**What the task requires:** Each entry should be set down again verbatim, with the images omitted.

**Provided entries:**
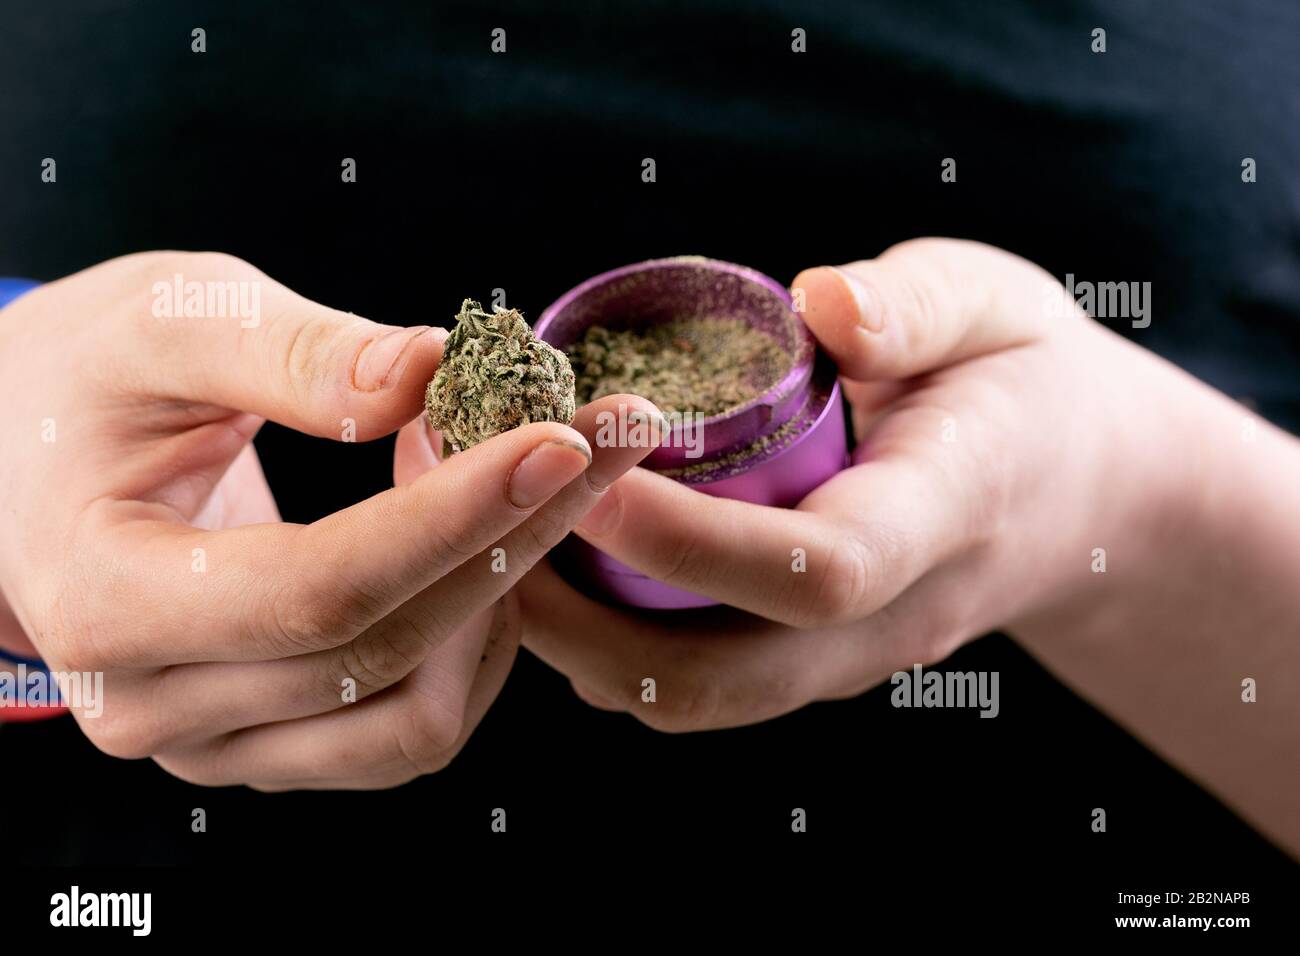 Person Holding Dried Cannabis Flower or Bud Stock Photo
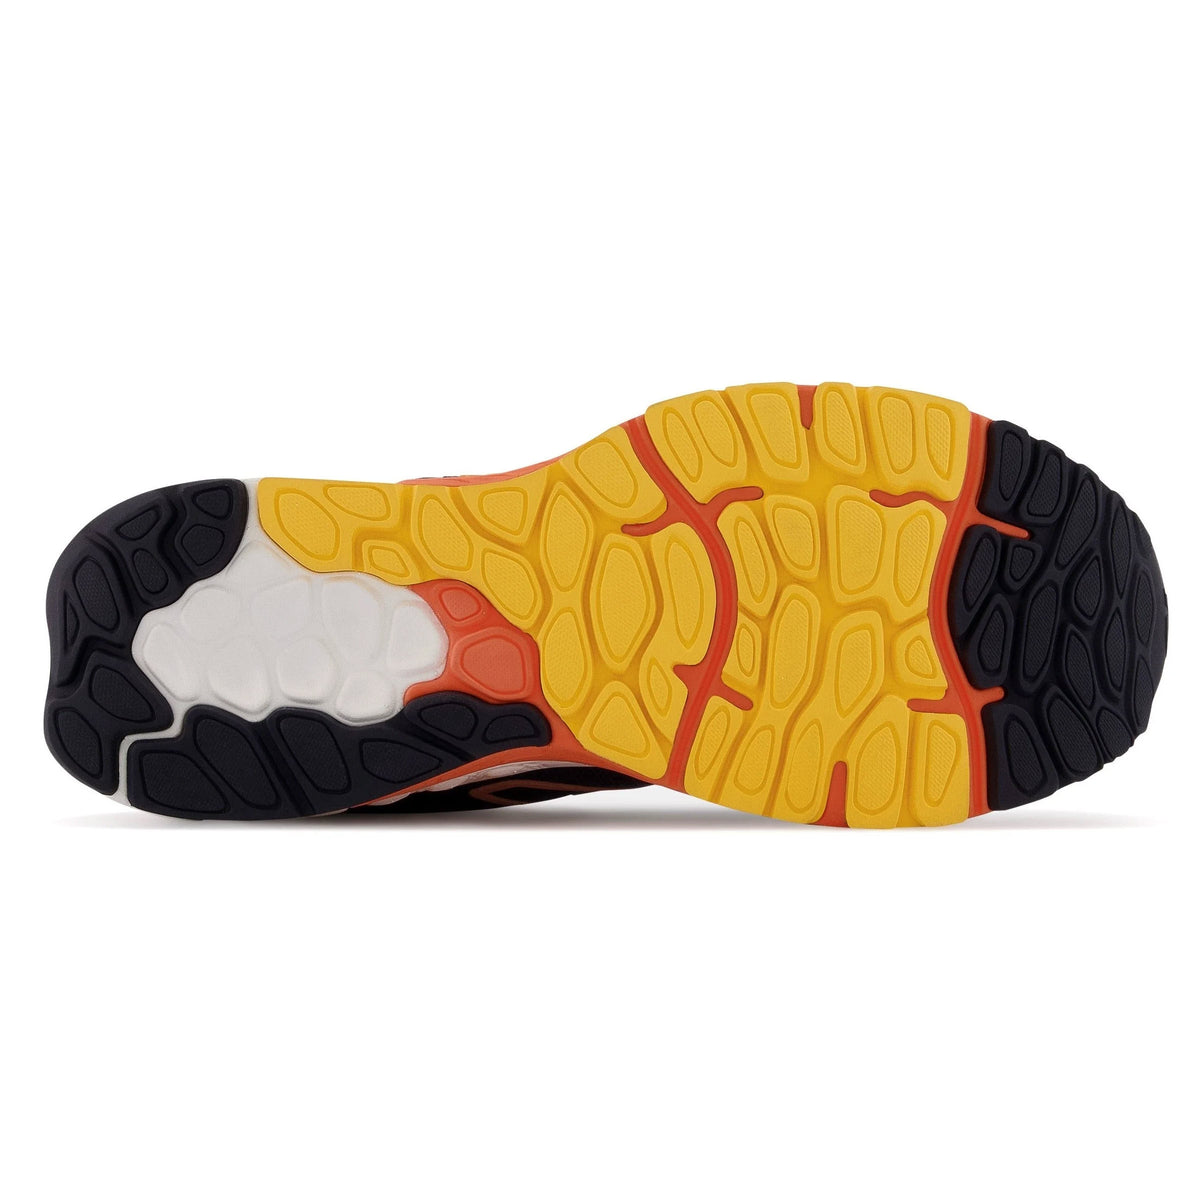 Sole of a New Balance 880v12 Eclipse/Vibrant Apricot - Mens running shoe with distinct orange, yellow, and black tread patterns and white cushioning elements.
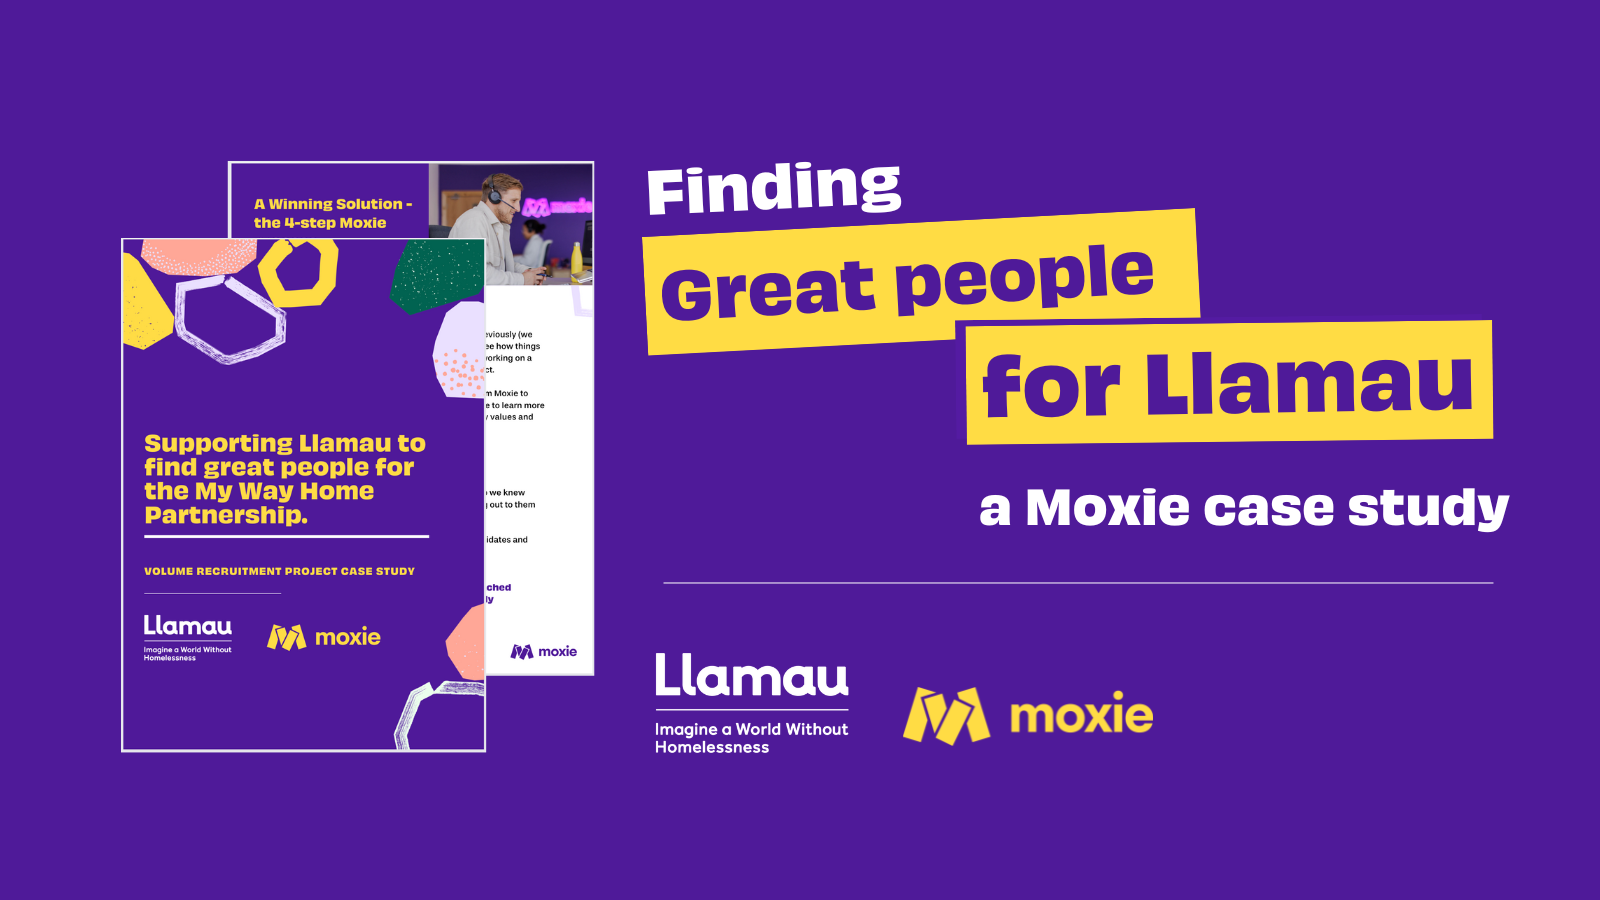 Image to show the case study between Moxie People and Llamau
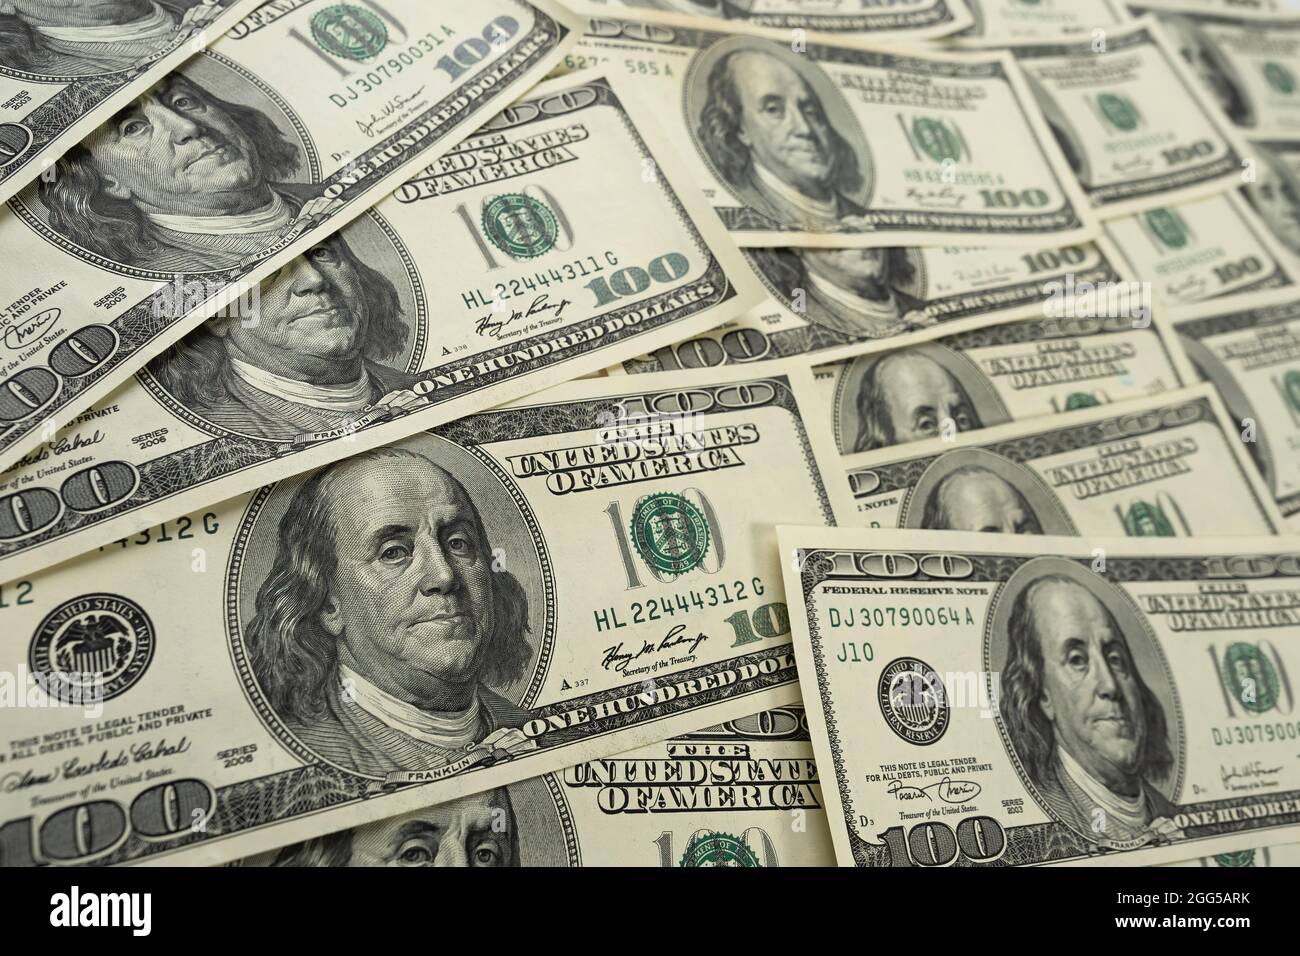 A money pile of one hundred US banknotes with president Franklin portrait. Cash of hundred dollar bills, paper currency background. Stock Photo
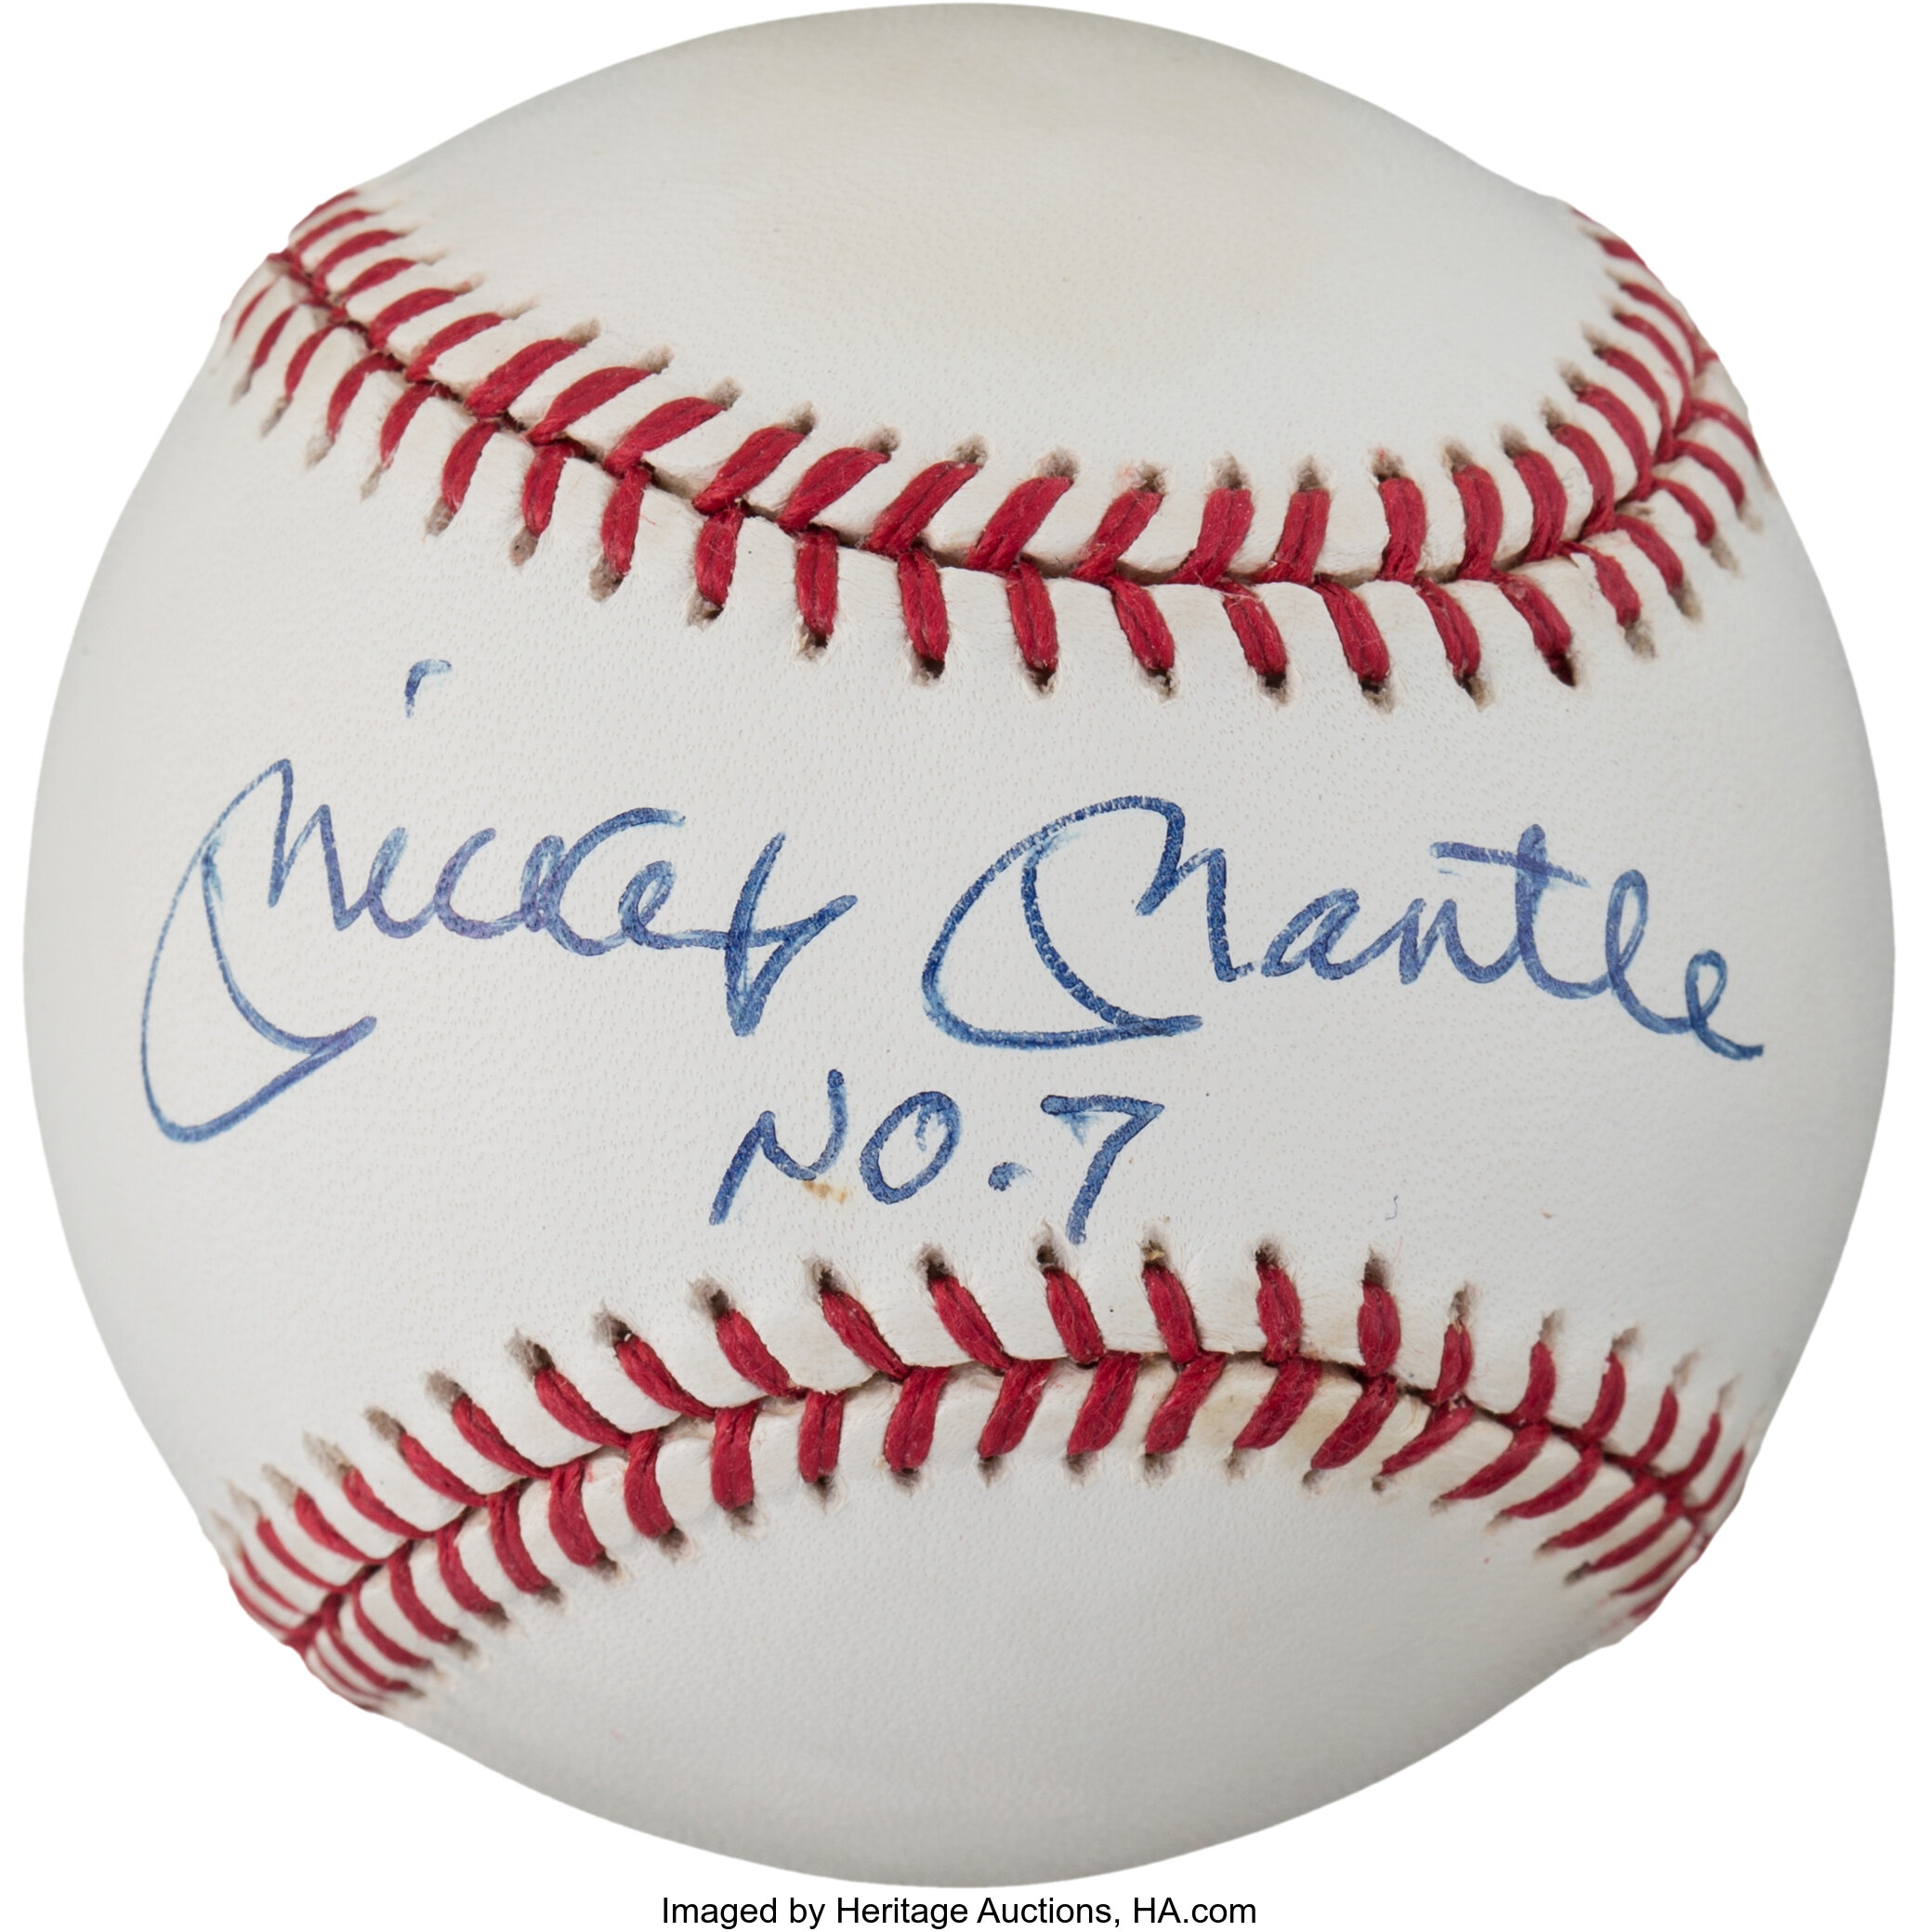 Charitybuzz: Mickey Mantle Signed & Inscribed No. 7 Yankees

**Exercise result:**
 Person Holding Dried Cannabis Flower or Bud Stock Photo
 Sole of a New Balance 880v12 Eclipse/Vibrant Apricot - Mens running shoe with distinct orange, yellow, and black tread patterns and white cushioning elements.
 Image to show the case study between Moxie People and Llamau
 A money pile of one hundred US banknotes with president Franklin portrait. Cash of hundred dollar bills, paper currency background. Stock Photo
 Charitybuzz: Mickey Mantle Signed & Inscribed No. 7 Yankees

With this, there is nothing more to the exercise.